In lieu of an abstract, here is a brief excerpt of the content:

  • The Girl SleuthA Feminist Guide
  • Joan Joffe Hall (bio)
The Girl Sleuth: A Feminist Guide; by Bobbie Ann Mason. 144 pp. Illustrated. Old Westbury, New York: The Feminist Press. $3.75.

Like most nostalgia, The Girl Sleuth, a first-rate guide to series such as Honey Bunch, The Bobbsey Twins, Nancy Drew, Judy Bolton, and others, is profoundly ambivalent about its subject. And this is because Bobbie Ann Mason's own childhood was deeply influenced by her reading of this type of fiction. Only in books did she visit homes with central heating; only in books did she glimpse an escape from rural domesticity into a world of exciting and independent girlhood. Even while she deplores, then, she cherishes. A similar complexity lies at the heart of many good studies in popular culture.
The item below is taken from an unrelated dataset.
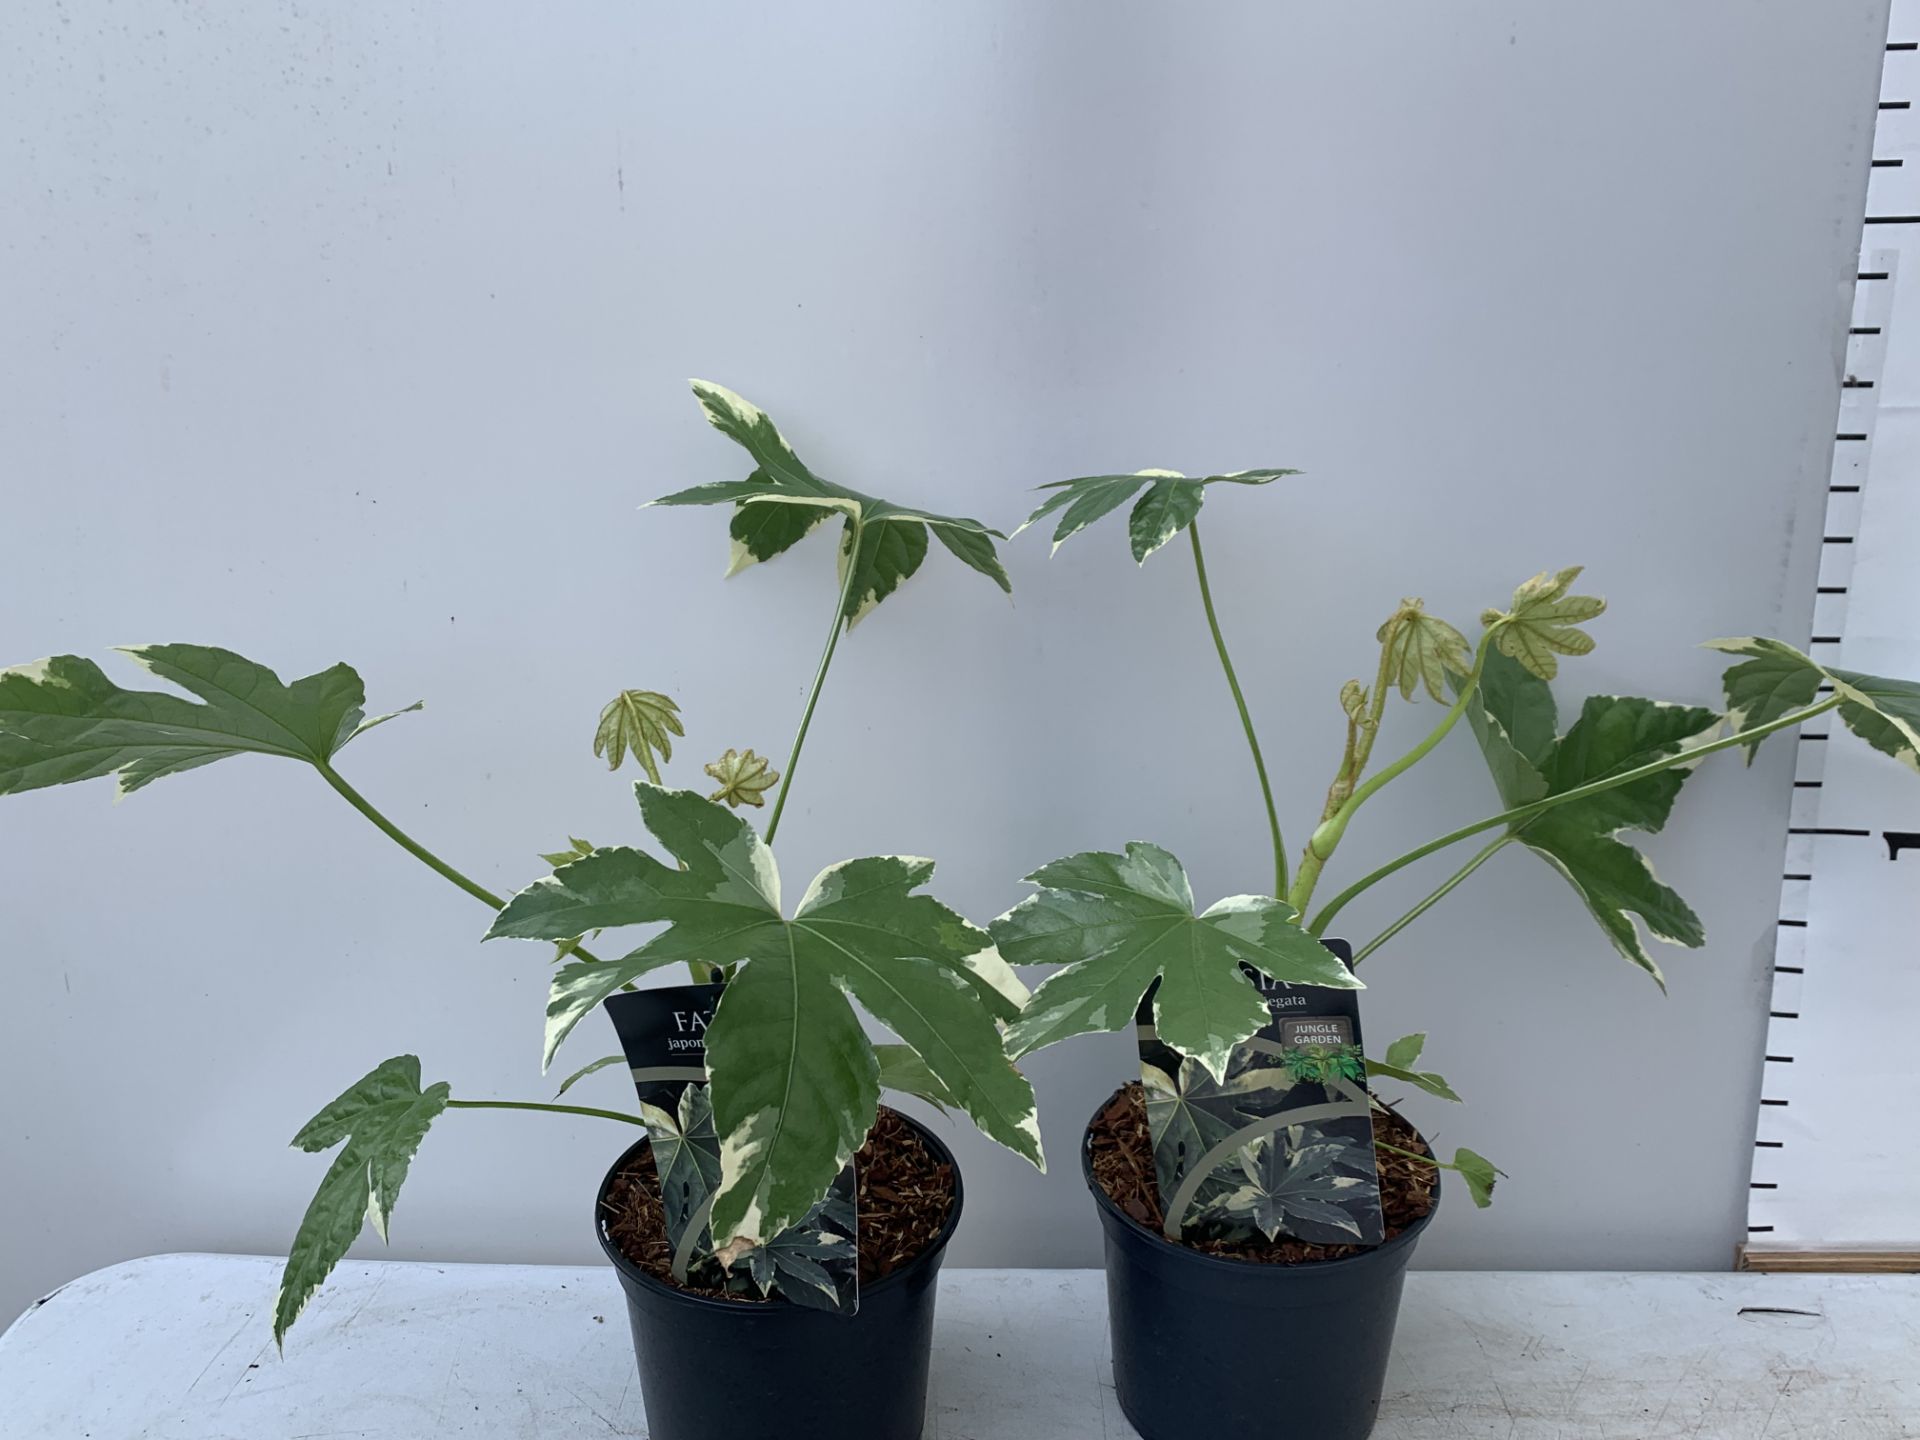 TWO FATSIA JUNGLE GARDEN JAPONICA VARIEGATA IN 2 LTR POTS 50CM TALL PLUS VAT TO BE SOLD FOR THE TWO - Image 5 of 10

Mason points out that although girl adventure stories began out of the "stirrings of liberation" before the turn of the century, and although the automobile and airplane soon came to represent, in the hands of these heroines, outdoorsiness and mechanical skill, much of what a child learns from such fiction contradicts mobility and nestles in the bosom of convention.
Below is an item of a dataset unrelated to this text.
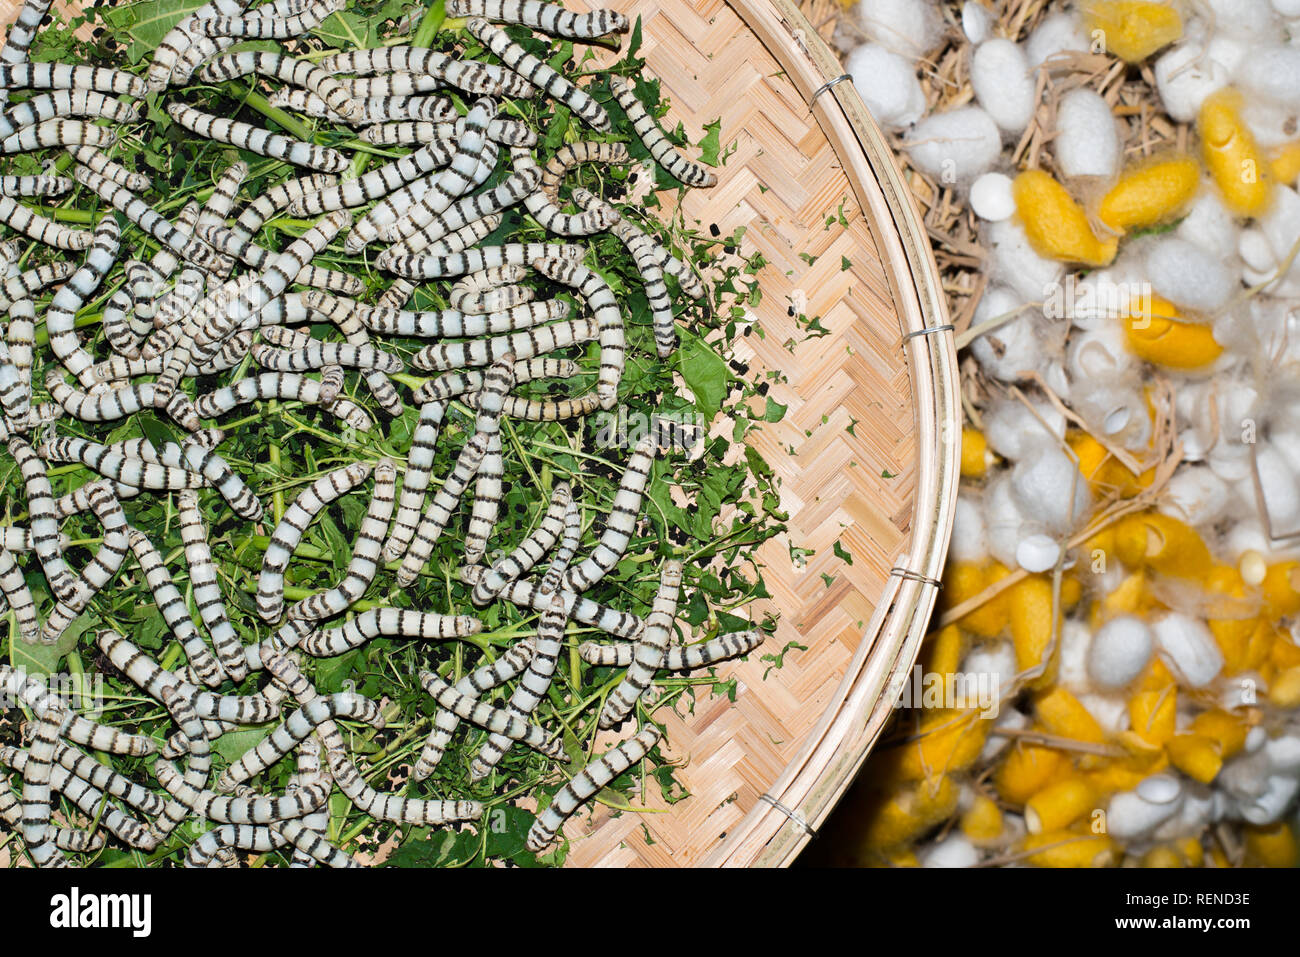 Silkworms eat mulberry leaves on a wicker tray next to empty silk cocoons. Bangkok, Thailand. Stock Photo

Nancy Drew first appeared in a book in 1929 and the series has been put out at the rate of about a book a year since then, regardless of Crash, Depression, War. Nancy is the ideal girl—smart, beautiful, poised, forever-young, financially independent. She has no mother to nag her but a wonderful daddy always ready to come to her rescue. She always knows how to act; when a leading lady falls ill, she can take her place after only one rehearsal. "Once!" Mason sighs, "I feel as if I have rehearsed my whole life." In her blue roadster Nancy is the embodiment of both real and illusory independence. "The books hold up one image of life and teach another." Nancy is trapped by the ideals she represents. Servants must know their place; undesirables and members of minority groups are likely to be villainous (except that's where the mystery is!); refinement and virtue are class determined; and the story's "job is to preserve class lines." Moreover, appearance and reality correspond perfectly in these mysteries with a regularity that would make a girl a "moral midget."
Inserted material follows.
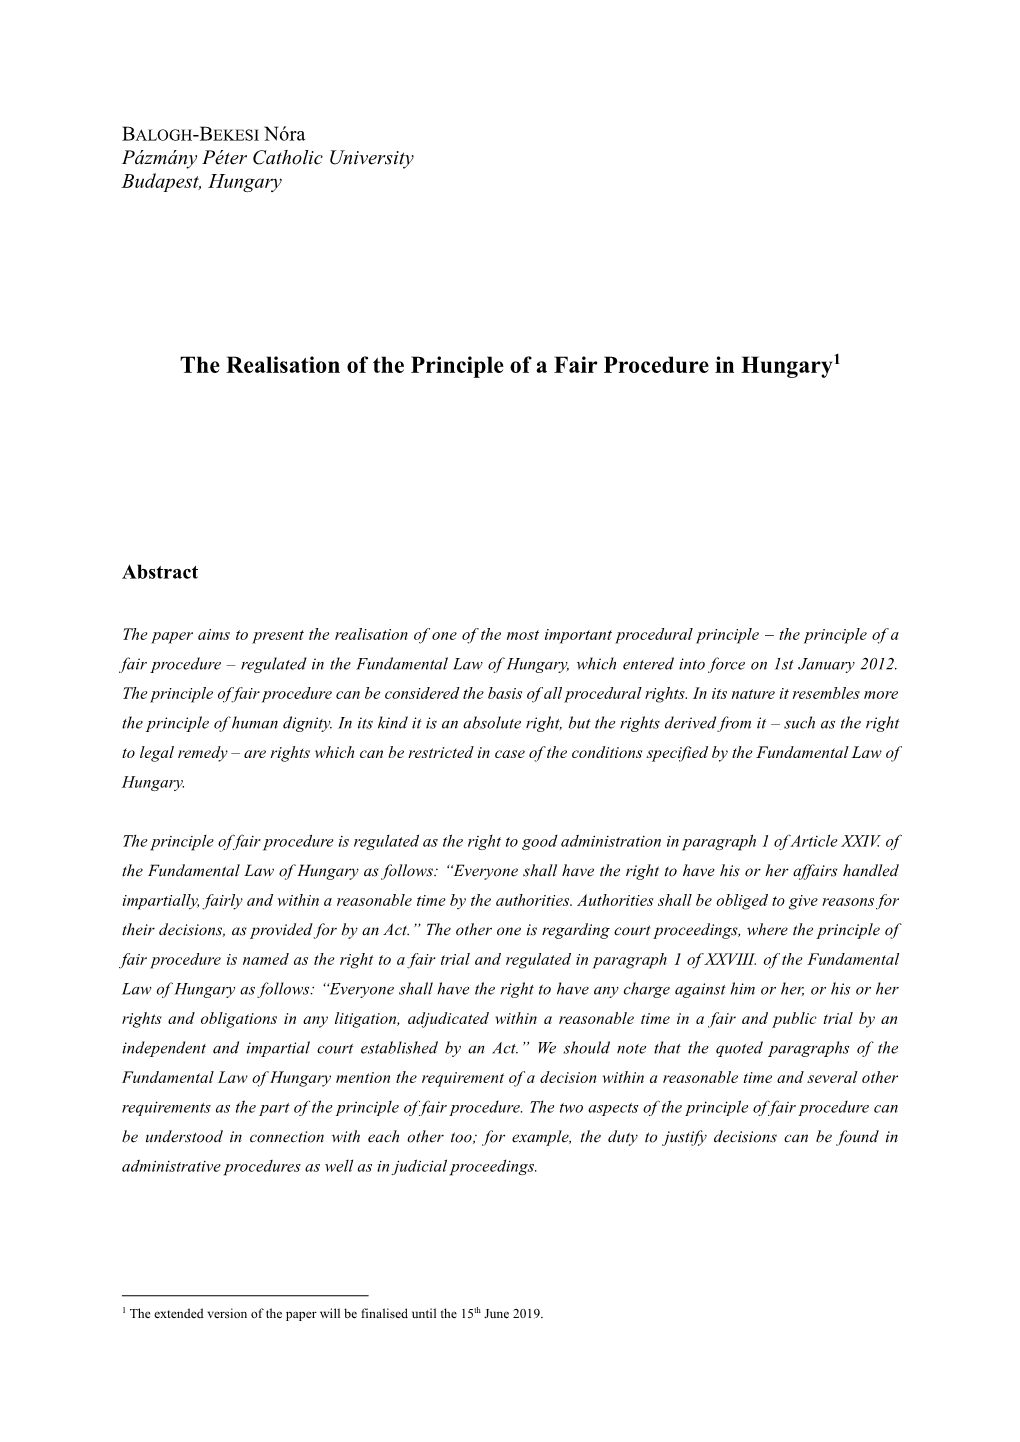 The Realisation of the Principle of a Fair Procedure in Hungary1

Sexually, too, Nancy's independence is a sham. She has a boyfriend [End Page 256] Nick, but whereas real girls giggle or worry about shaving their legs, Nancy is never either insecure or aroused. She is buffered by her two friends, silly Bess and tomboy George, female types "we are taught to loathe," who represent the extremes Nancy must shun. At her best Nancy "trespasses into male territory without giving up female advantages." Yet though she must not be silly it's seldom through intellect that she solves the mystery: coincidence does that. And so the typical Nancy Drew plot is like a "sonnet" with its variations, an enlarged dollhouse. Like Honey Bunch for little girls the Nancy Drew mystery provides the teenager with a "perfect playhouse," while luring her with the possibilities of adventure. The ultimate mystery to the adolescent girl is sex, of course, but from sex Nancy runs full speed, all the while chasing "substitute forms of evil." Ironically, at the solving of each mystery Nancy finds "the very world—the happy ending . . . the symbolic wedding—she seeks to escape."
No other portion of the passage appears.